Приложение может работать с:
– целыми числами (-2, -1, 0, 1, 2 и т.д.).
– Десятичные дроби (1,5, 3,14 и т. д.).
– Простые дроби (1/2, 3/4, 7/3 и т.д.).
– Комплексные числа (i, 1+i, 1/2-2i, 0,5+2/3i и т. д.).
Проверьте результаты матриц 2×2, 3×3, 4×4, nxn или матриц сложения, вычитания, умножения, определителя, обратной или транспонированной матрицы или выполните такие вычисления с помощью этих формул и калькуляторов.Основная цель этих матричных инструментов — помочь студентам, специалистам и исследователям быстро выполнить такие расчеты или проверить результаты таких расчетов для анализа, определения и решения линейных функций и уравнений. Эти матричные формулы и калькуляторы могут дать ответы на многие сложные алгоритмы обработки цифровой информации, изображений и видео.
ПРИЛОЖЕНИЯ ДЛЯ КАЛЬКУЛЯТОРА УМНОЖЕНИЯ МАТРИЦЫ TOP TEN TEN
Калькуляторы умножения матриц |
Вы ищете лучшее приложение-калькулятор, которое решает шаг за шагом умножение? Конечно, вы.Продолжайте читать эту статью, потому что мы подготовили для вас десять лучших приложений-калькуляторов для умножения матриц.
Эти приложения-калькуляторы матриц очень полезны при решении матриц. Следовательно, вы можете выбрать один из них.
Здесь приведены десять лучших матричных калькуляторов.
Это приложение для расчета матриц основано на Android. Это совершенно бесплатно. Приложение-калькулятор предназначено только для расчета матриц. Оно решает не только умножение матриц, но и перестановку матрицы и обратную матрицу.
1. Он выполняет почти все матричные операции: умножение, сложение, вычитание, обратную матрицу, определитель, скалярное умножение и транспонирование матрицы.
2. Он поддерживает целые числа, дроби (десятичные и обычные) и комплексные числа.
3. Это не стоит никаких денег.
4. Очень прост в использовании и понимании.
5. Гораздо лучше других.
6. Очень просто и быстро
7. Выполняет быстрое умножение матриц.
1. Не поддерживает разделение.
2. Не могу решить матрицу 6×6.
3. Нет интеграции и дифференциации.
2. Калькулятор матриц от Softminds
.Это проект с открытым исходным кодом. Его лозунг — матрица стала проще. Приложение основано на андроиде. Доступна как бесплатная, так и платная версия.
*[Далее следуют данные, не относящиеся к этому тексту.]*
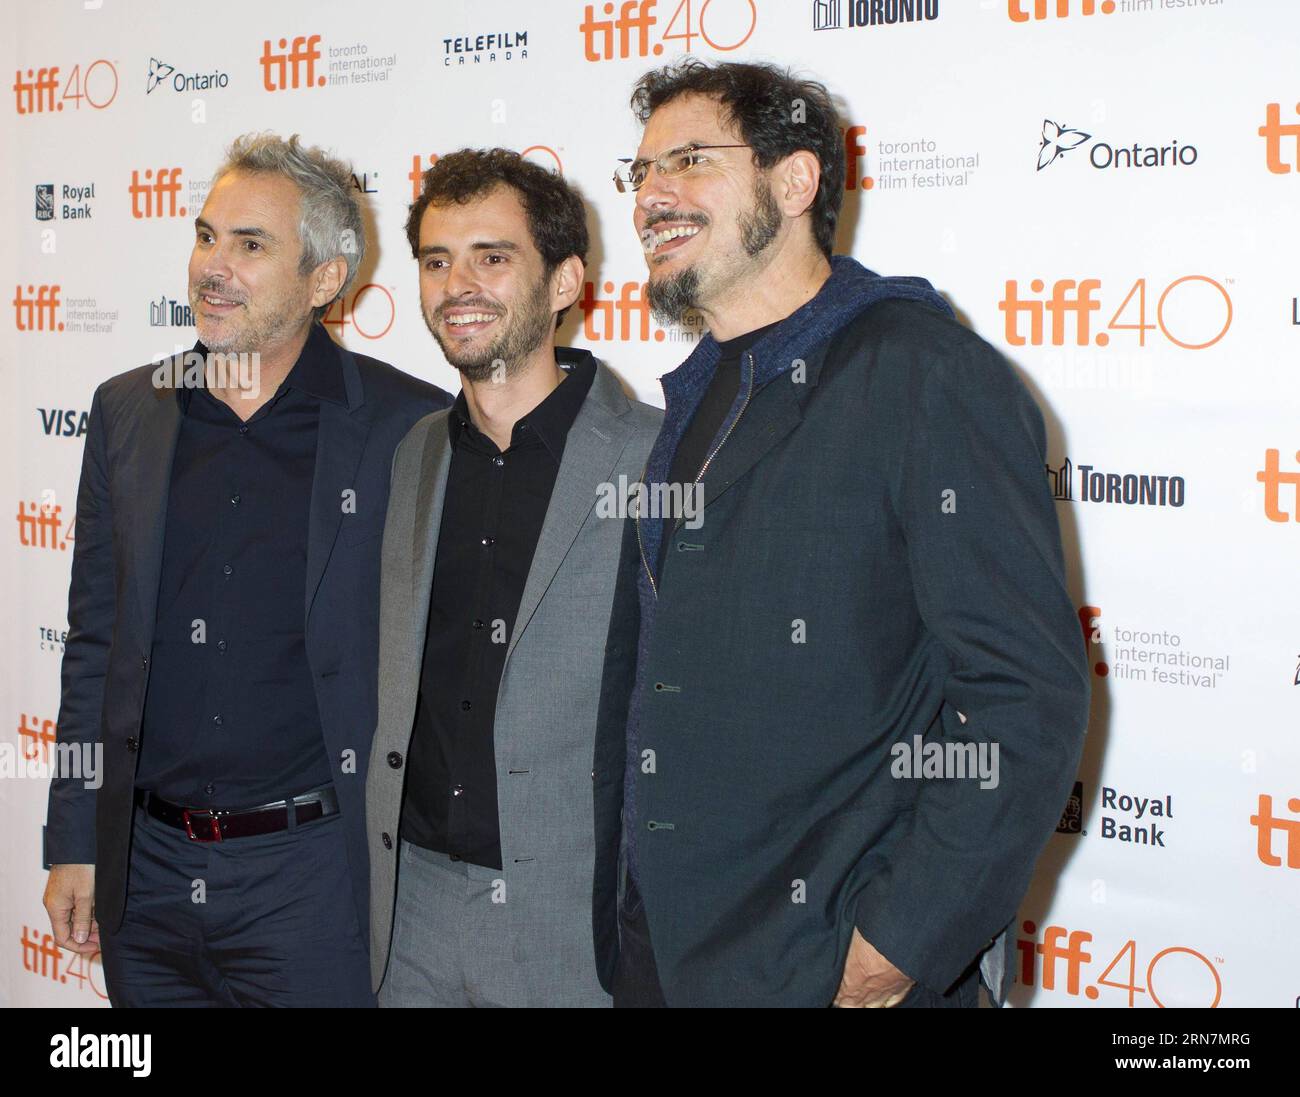 (150914) -- TORONTO, Sept. 13, 2015 -- Directors Alfonso Cuaron (L) and Jonas Cuaron (C) pose for photos before the world premiere of film Desierto at the Elgin Theater during the 40th Toronto International Film Festival in Toronto, Canada, on Sept. 13, 2015. ) CANADA-TORONTO-40TH TORONTO INTERNATIONAL FILM FESTIVAL- DESIERTO ZouxZheng PUBLICATIONxNOTxINxCHN   150914 Toronto Sept 13 2015 Directors Alfonso Cuaron l and Jonas Cuaron C Pose for Photos Before The World Premiere of Film Desierto AT The Elgin Theatre during The 40th Toronto International Film Festival in Toronto Canada ON Sept 13 20 Stock Photo

Есть ли в этом калькуляторе умножения матриц переменные?
Да, это калькулятор умножения матриц с переменными. Вы можете добавить переменные в калькулятор.
1. Выполняет все операции, включая возведение в степень, первую, вторую и бесконечную норму.
2. Может решить матрицу до 9×9.
3. Можно изменить имя матрицы.
4. Расширенный, много настроек и простота.
5. Возможность вспомнить результаты.
Минусы:1.Никаких комплексных чисел.
2. В бесплатной версии можно создать 3 или 4 переменные.
3. Некоторые устройства ниже версии 4.4 не могут создавать переменные.
Это еще один простой калькулятор с полными шагами. Несмотря на то, что в нем есть реклама, он бесплатный.
Плюсы:
1. Решает все основные матричные вычисления.
2. Может транспонировать матрицу.
3. Доступно решение системного линейного уравнения методом Крамера.
4.Умеет возводить в степень в матрице.
Минусы:
1. Бесплатная версия содержит рекламу.
2. Экспоненциальные функции нуждаются в исправлении.
Инструмент очень полезен и полезен для студентов. Матричный калькулятор решает умножение вместе с определителем и обратным. Кроме того, он решает систему линейных уравнений.
Плюсы:
1. Решает обратную матрицу методом Гаусса-Жордана.
2. Матрица умножения с шагом.
3. Найти обратную матрицу методом определителя.
4. Вычисляет след матрицы.
Минусы:
1. Вместо десятичной точки используется запятая.2. Есть реклама.
Как работает матричный калькулятор?
Работать с этим калькулятором очень просто. Посмотрите видео, в котором показано, как им управлять.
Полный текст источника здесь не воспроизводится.